• GOAL OF THE EXERCISE
Once you find the line with "Scheib Legal" in the entries below, print it and each line after it up to and including the line with "Capacitae acoge el", exactly, without pictures.

• MATERIAL SUPPLIED
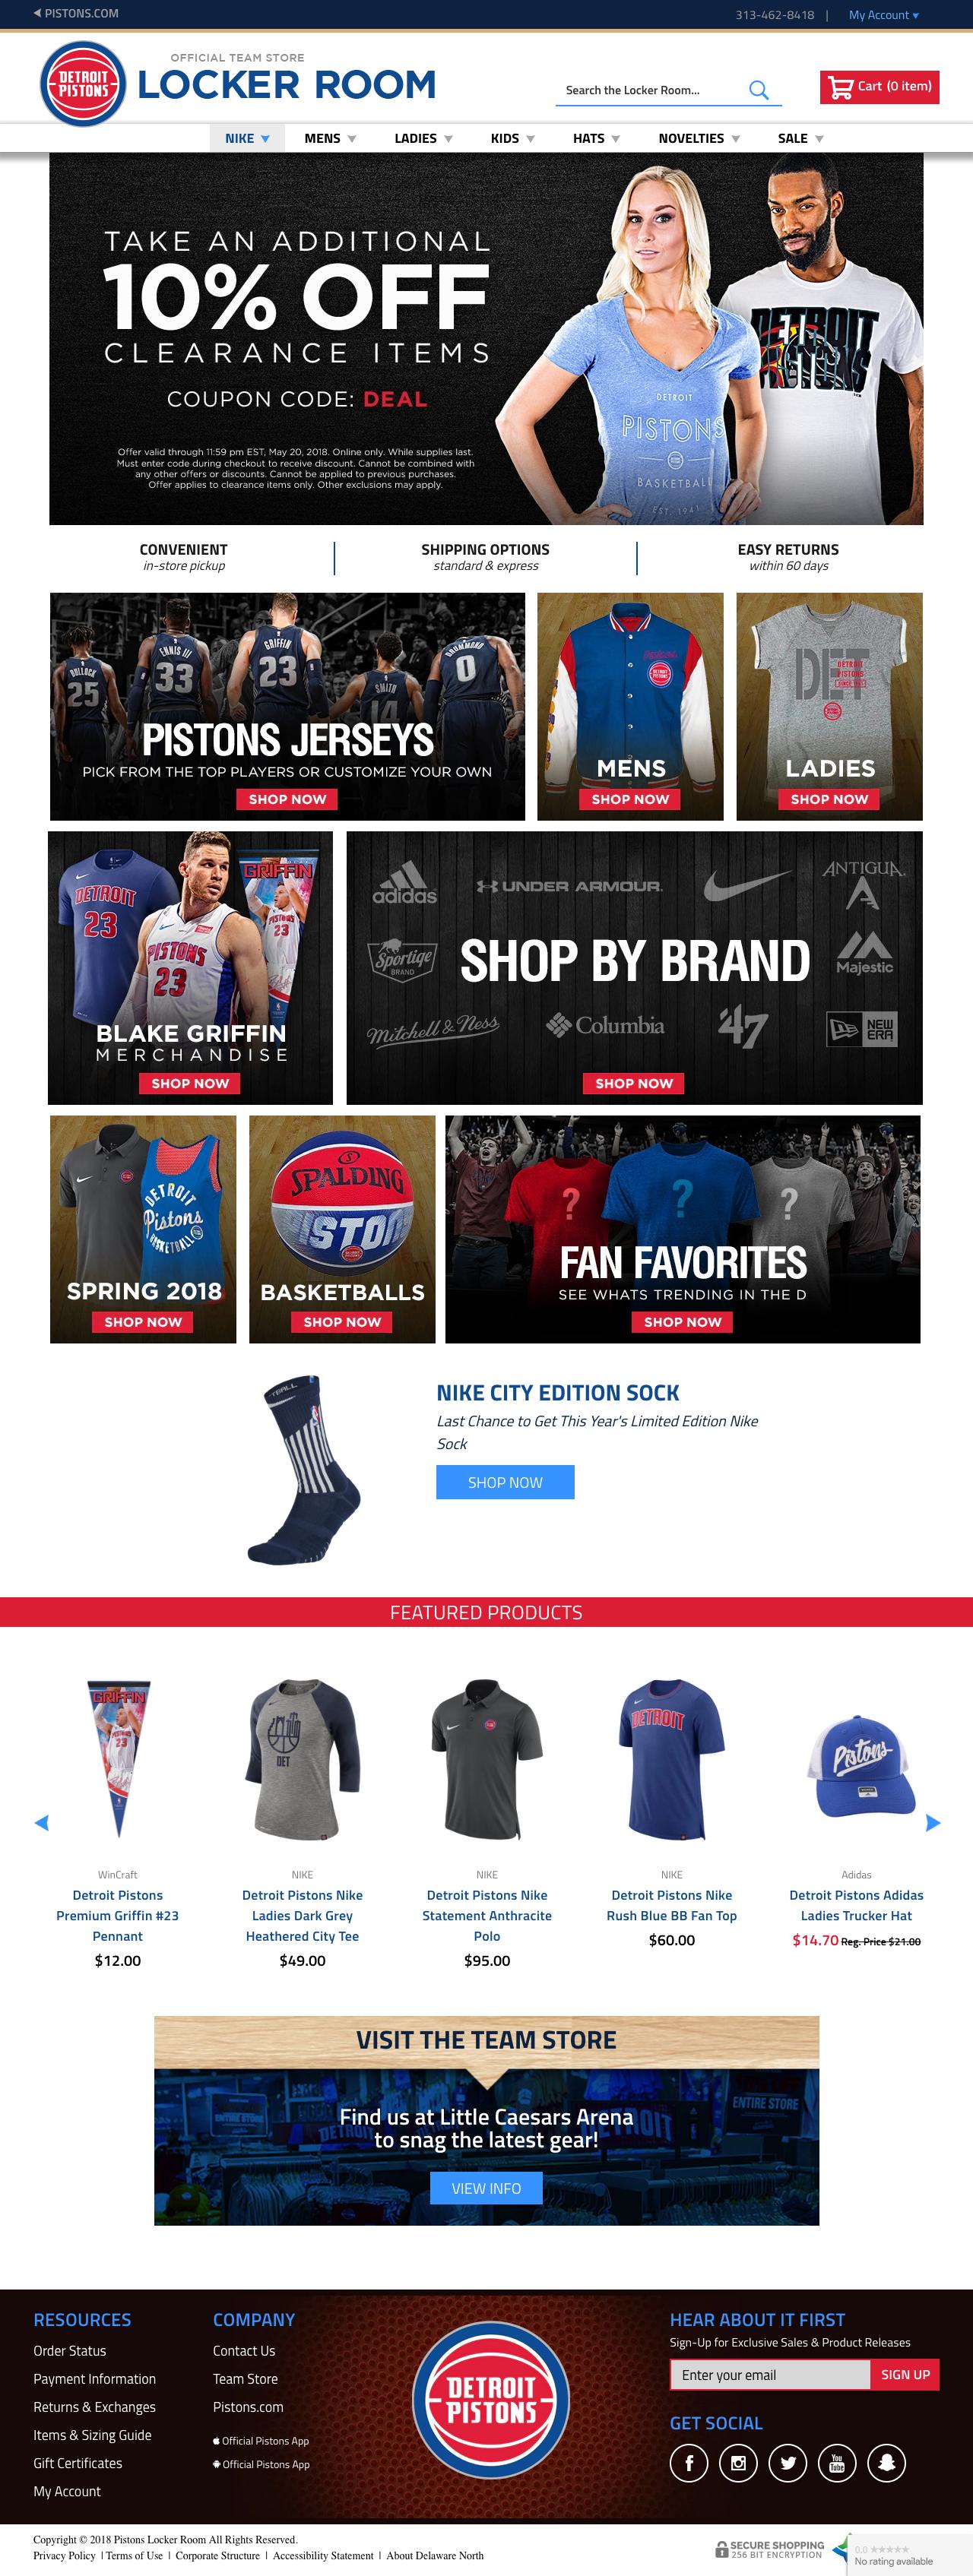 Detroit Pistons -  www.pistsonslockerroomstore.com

--

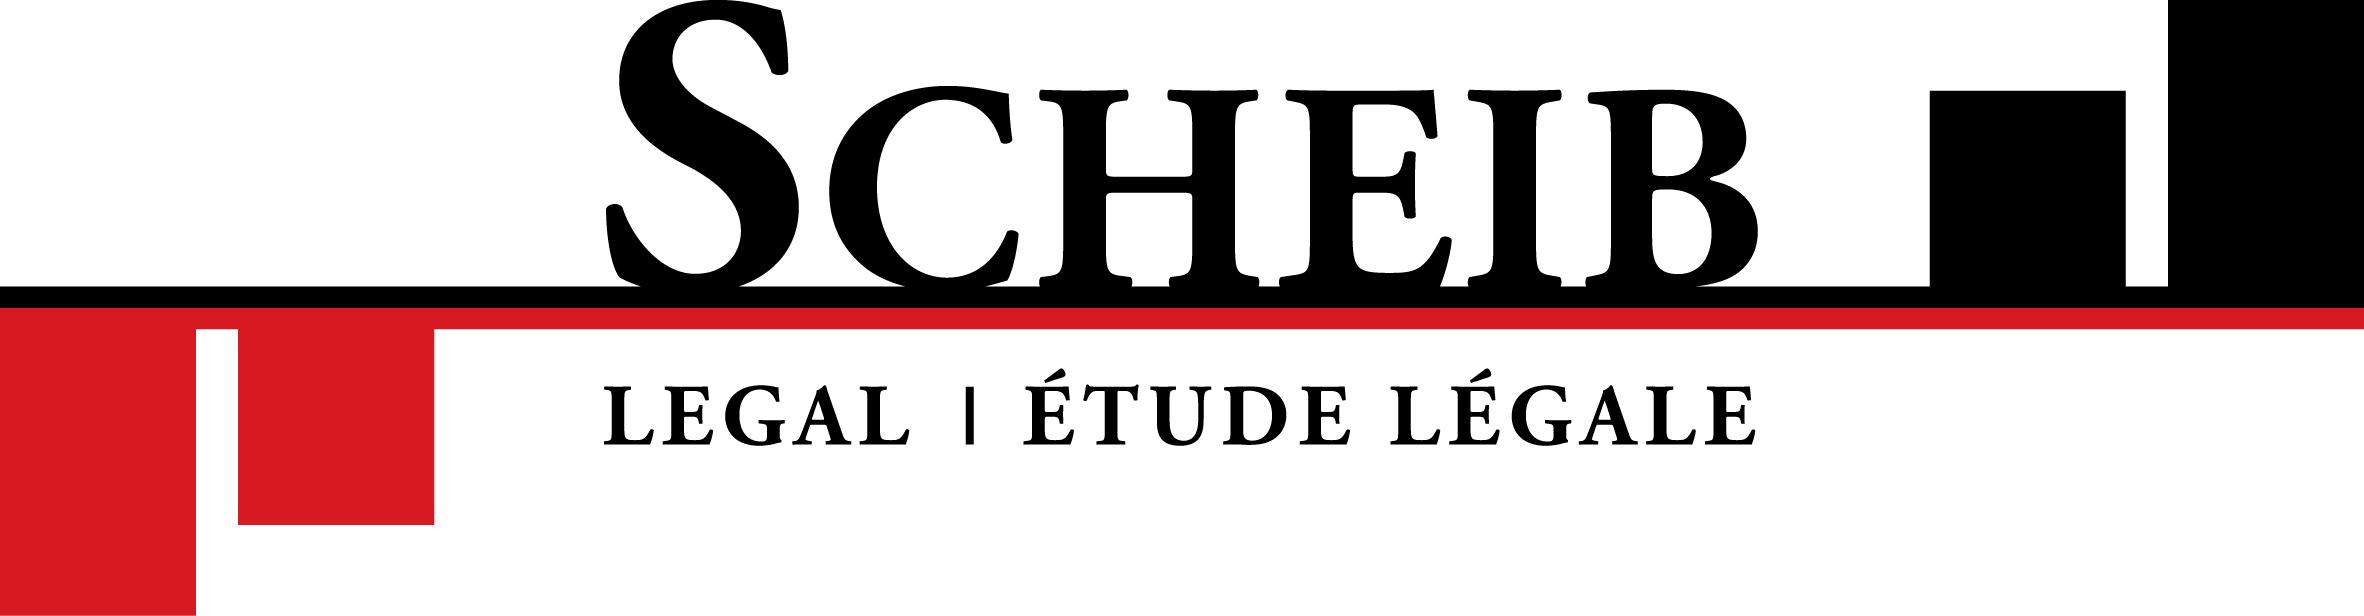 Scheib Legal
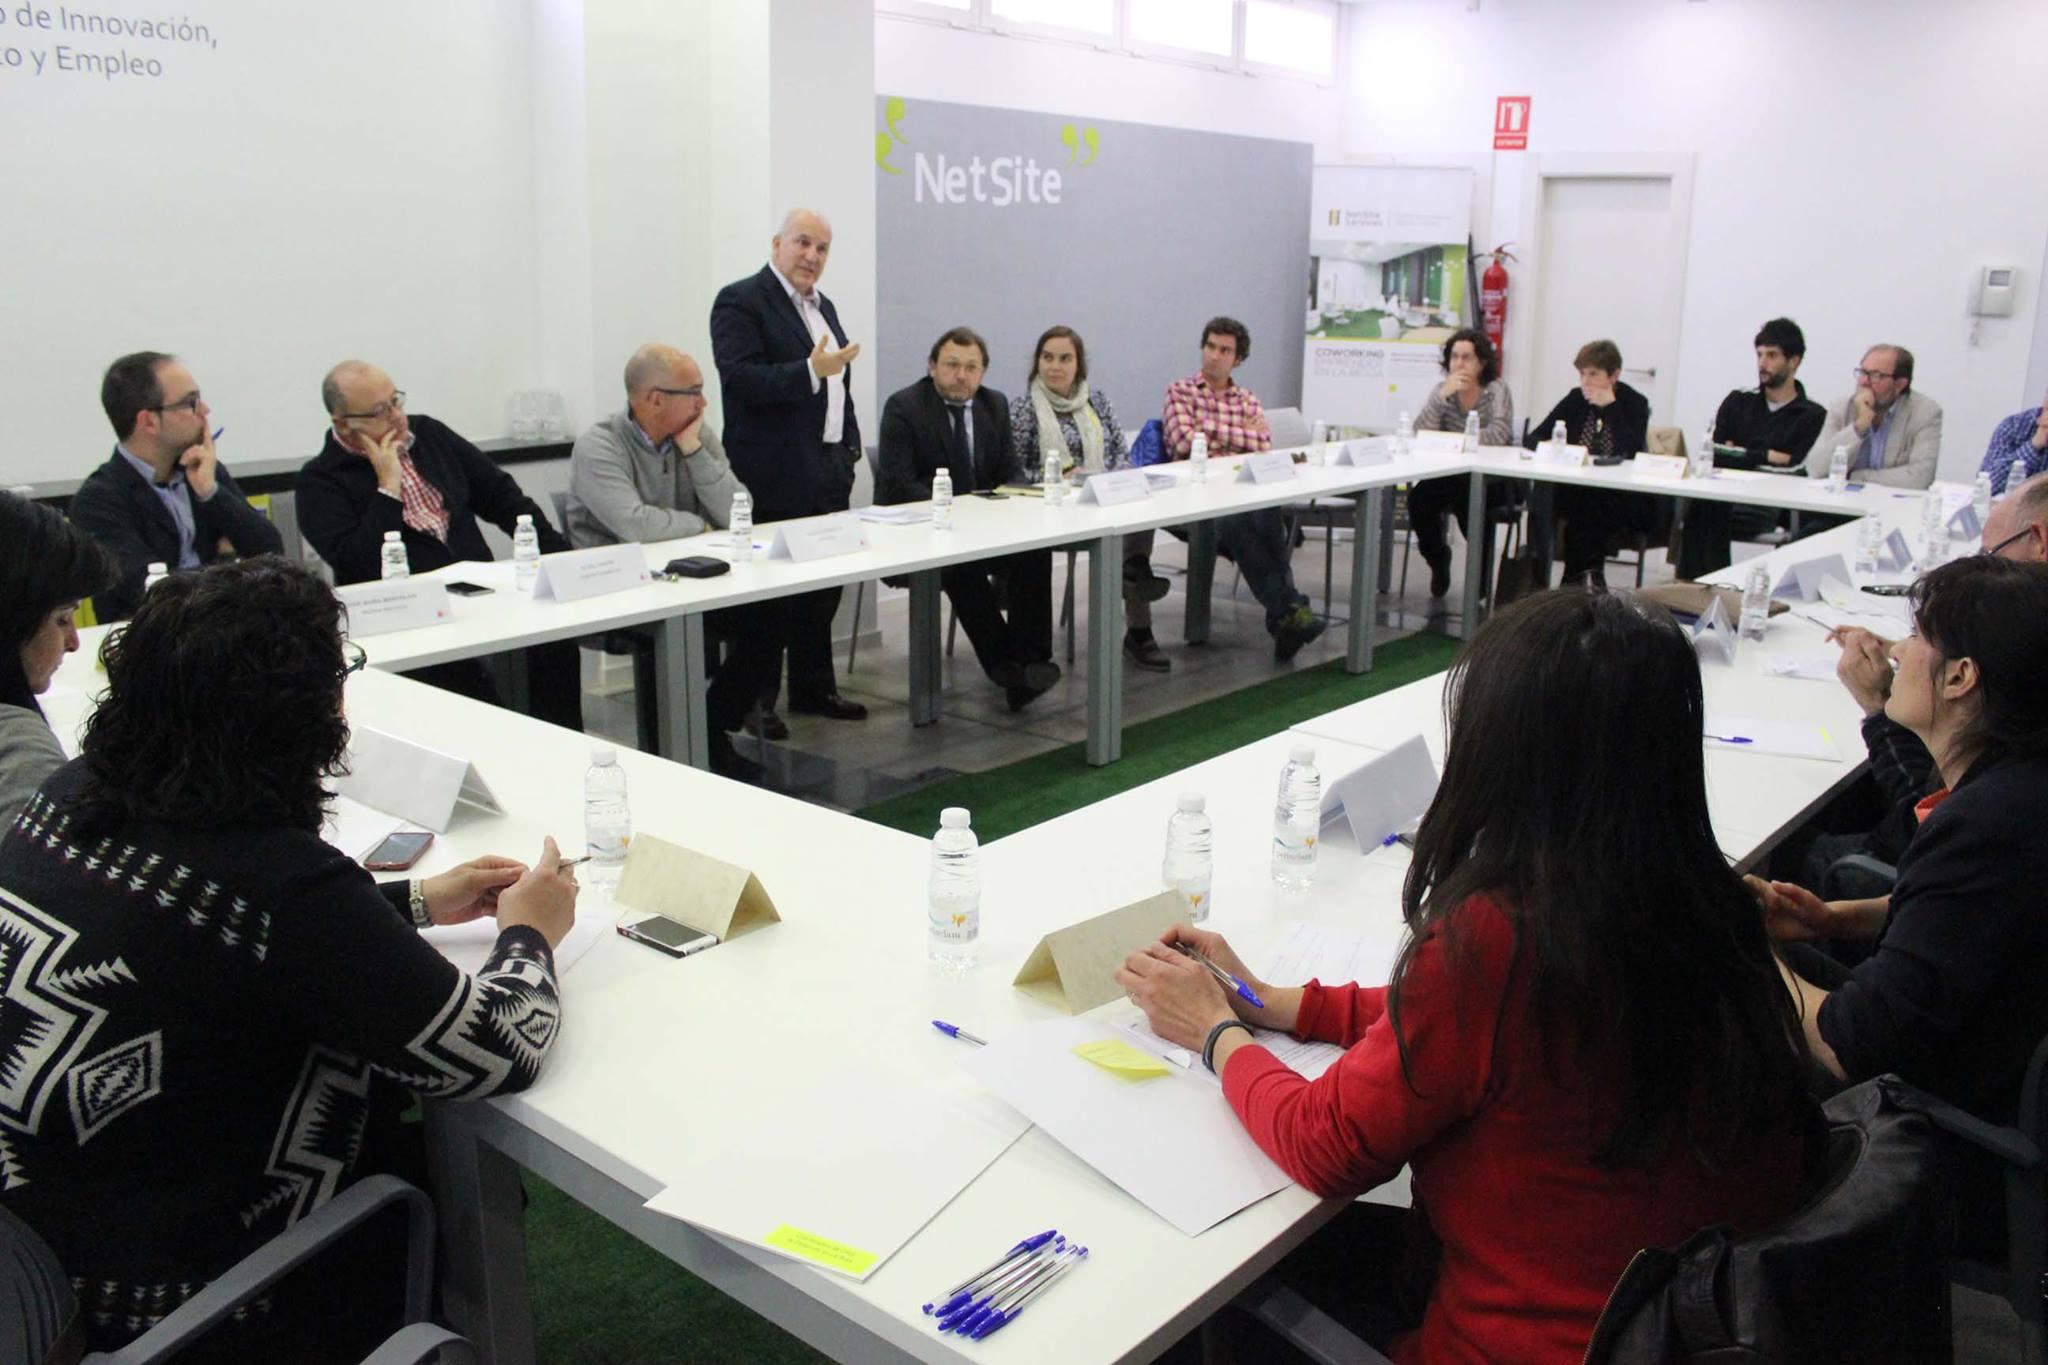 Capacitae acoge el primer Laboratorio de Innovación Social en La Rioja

* * *

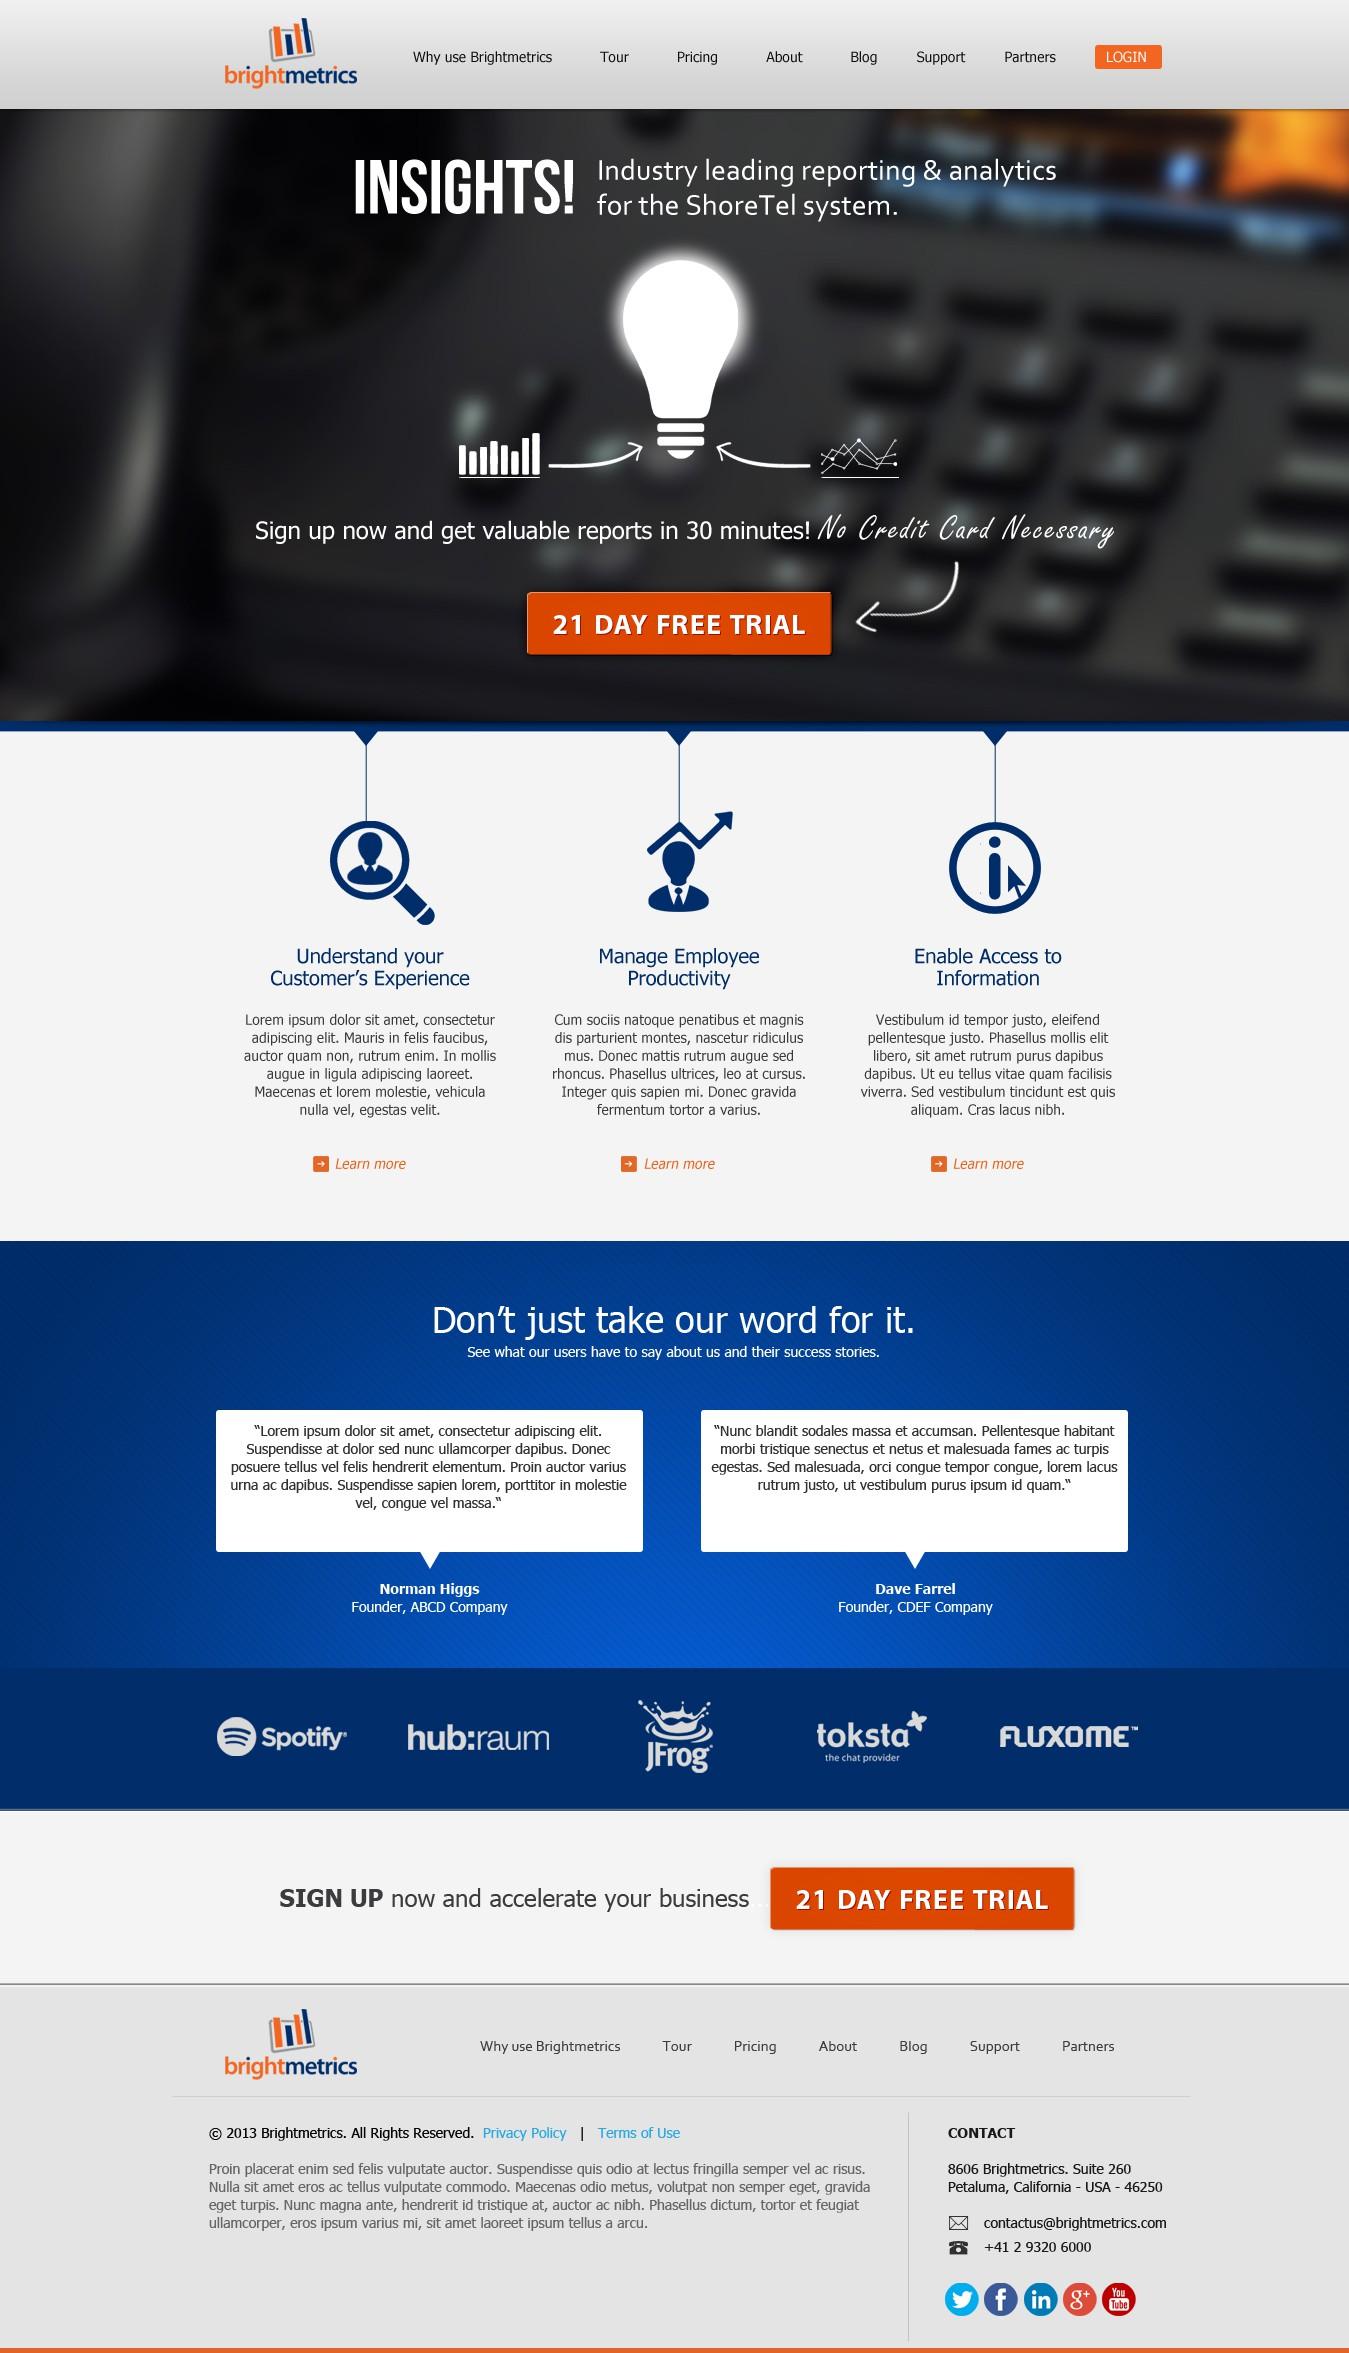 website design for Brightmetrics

• SOLUTION TO THIS TASK
 Scheib Legal
 Capacitae acoge el primer Laboratorio de Innovación Social en La Rioja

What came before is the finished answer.